海づたいならすぐに風光明媚な港サン・マロに入れる。
ちょっと出かけてきます、と軽く父に言うとニコーラはあっという間に船上の人となった。
どんぐり屋敷でのお茶会からすぐのことだったらしい。

ちょっと出かけたはずのニコーラがル・ルーを連れて帰ってきたのだからバルトリ侯爵夫妻もびっくりしたが、来てしまったものは仕方がない。
オルタンスは去年に引き続き娘抜きのノエルを過ごせるとあって、大喜びで娘を甥に託したようで、クロティルドあてにくれぐれもよろしくとの手紙を持たせてきた。
バルトリ家まで来れば、どんぐり屋敷には着いたも同然である。
日を置かずしてル・ルーはまたまた従兄姉たちに頼んでオスカルのもとを訪ねてきたという訳らしい。

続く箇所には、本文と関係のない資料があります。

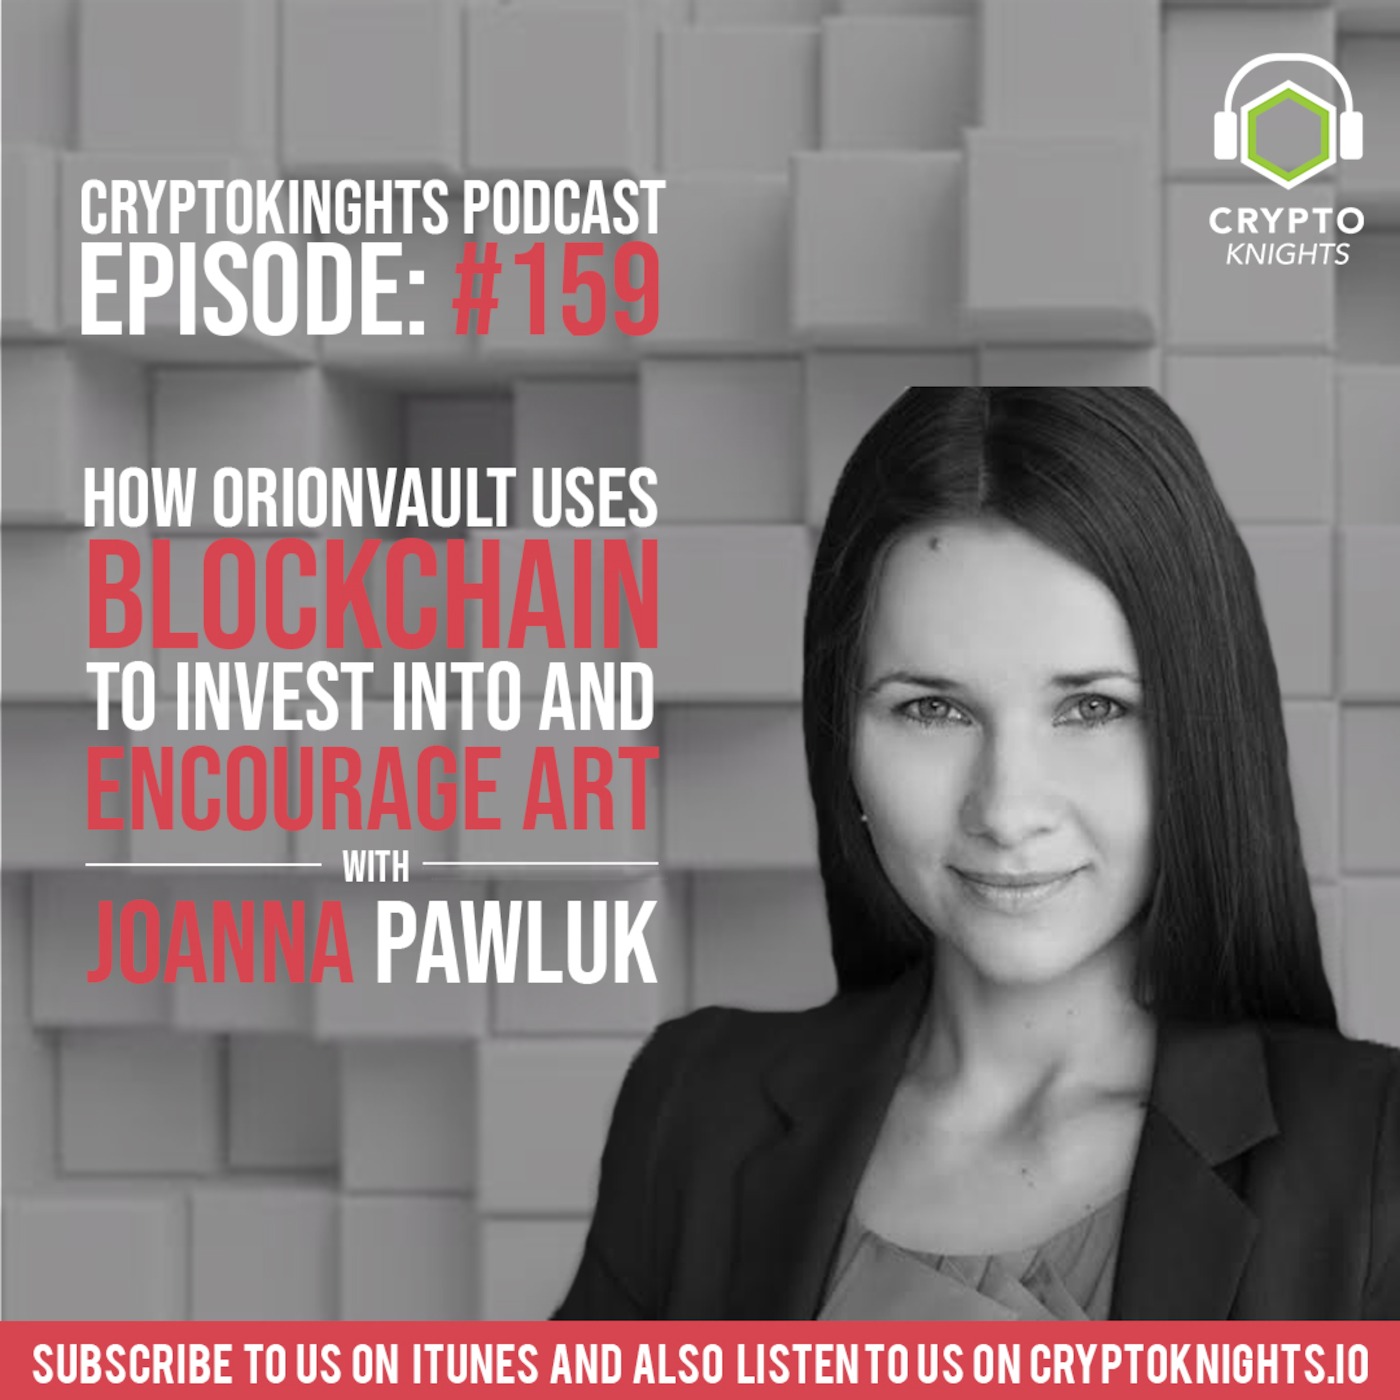 Episode 159 - How OrionVault uses blockchain to invest into and encourage art

ル・ルーの胸はこれからはじまるノエルへの期待ではちきれそうにふくらんでいた。
そして迎えたどんぐり屋敷の面々の胸はこれまた不安に覆い尽くされそうな重苦しいものだった。
興味本位で訪ねてきたのがいきさつからして明らかで、どんなノエルになるのかと思うと美味しいはずの焼き菓子を味わう余裕もない。
まったく何も感じていないのは、例によってニコーラとニコレットの兄妹である。
「本当にここのお紅茶は最高ね。」
ニコレットがにっこり笑ったておかわりを求めたが、おのおの胸がいっぱいでその言葉に応ずるものは誰もいなかった。